Вишневский умер еще до Сталина - в 51-м году, но и после Сталина отнюдь не сразу был забыт. Наоборот: была восстановлена старая его пьеса, вот эта самая "Оптимистическая трагедия", постановка которой Таировым в Камерном театре в 34-м году считалась одним из триумфов советского театрального искусства. Возродил пьесу другой будущий гигант советской режиссуры Георгий Товстоногов в ленинградском Пушкинском театре. Шум был большой и не полностью официозный. Постановку много раз транслировали по радио; я случайно услышал реплику, которая мне понравилась: матрос по прозвищу Сиплый, перечисляя заслуги революционных моряков, говорит: "По два раза сифилисом болели". Реплика урезана: в сборнике 34-го года дальше было: "раз европейским, раз американским". Кстати, в этом сборнике помещена статья Буденного под названием "О пьесе пулеметчика Вишневского"; имеется в виду другая его пьеса - "Первая Конная": Буденного она удовлетворила больше, чем Бабель.
Новые времена - новые пьесы; после этого посмертного уже триумфа о Вишневском все-таки забыли в советском театре, но имя его продолжало встречаться, причем в позитивном контексте. О нем не много, но тепло написал Эренбург в своих мемуарах; видно было, что они приятельствовали. Эренбург сообщал такую симпатичную деталь: Вишневский был человек темпераментный, и его легко заносило, - начиная говорить, он не знал, чем кончит. Видно, что человек был не вполне казенный. Еще Эренбург написал, что этот матрос (как любил себя называть сам Вишневский) обладал весьма непростыми литературными вкусами: например, преклонялся перед Джойсом. Это преклонение его действительно один раз далеко занесло: я где-то читал, что, будучи в Париже в 37 году на Всемирной выставке, в рамках которой демонстрировался советский фильм по его сценарию, Вишневский посетил Джойса и все допытывался у полуслепого классика мирового авангарда, смотрел ли он "Мы из Кронштадта". Это называется: не по чину берешь.

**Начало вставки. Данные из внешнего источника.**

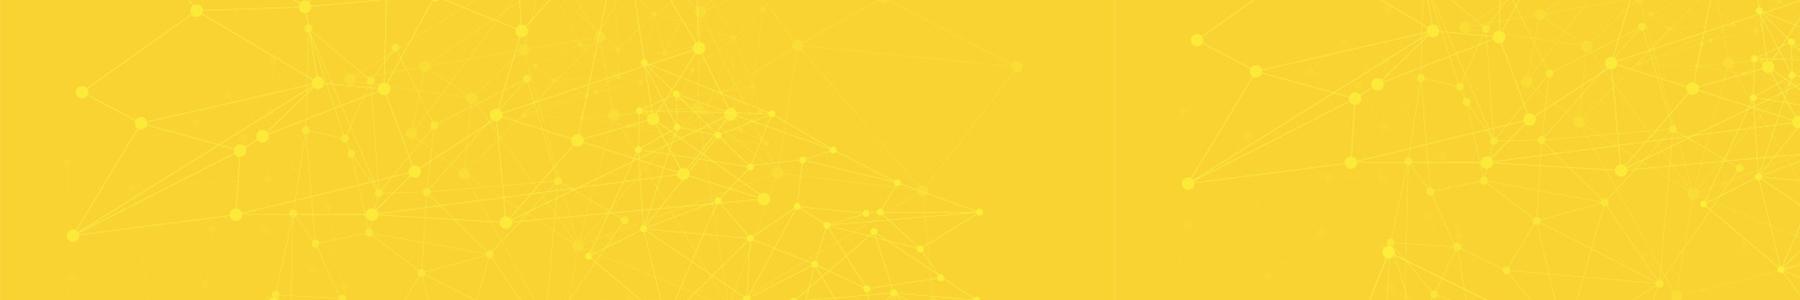 Tεχνολογίες Πληροφορίας και Επικοινωνιών - Ε' Δημοτικού - 1ο Δημοτικό Ύδρας

Но совсем уж неожиданным было упоминание о Вишневском в монументальном исследовании Лазаря Флейшмана о Пастернаке: там было сказано о некоей немецкой работе, в которой усматривались поражающие параллели между "Оптимистической трагедией" и "Доктором Живаго". Флейшман не эксплицировал сюжет, но более или менее ясно, что тут можно иметь в виду: символику женского начала в большевицкой революции. Прочитав это, я дал себе слово рано или поздно ознакомиться с пьесой Вишневского.
Этим страхом перед Россией, перед ее бесчувственностью к собственному племени и семени объясняется творчество Тургенева, вообще появление в русской культуре типа так называемого лишнего человека. Самый элементарный психоанализ открывает в этом типе признаки мужской несостоятельности перед женщиной. Но ситуацию надо сублимировать - возвести от Фрейда к Юнгу, и тогда оказывается, что женщина тут не Ася и не Одинцова - а Россия. Это образ нелюбящей матери, которой все ее сыновья - лишние. Вот вопрос простенький: пришло ли в голову кому-нибудь из начальства, когда оно принимало решение отдать Андрея Бабицкого неизвестно в чьи руки, что он - русский, сын отечества, подданный матери-родины, то есть, строго говоря, свой? Или тут действует иная модель: бей своих, чтоб чужие боялись?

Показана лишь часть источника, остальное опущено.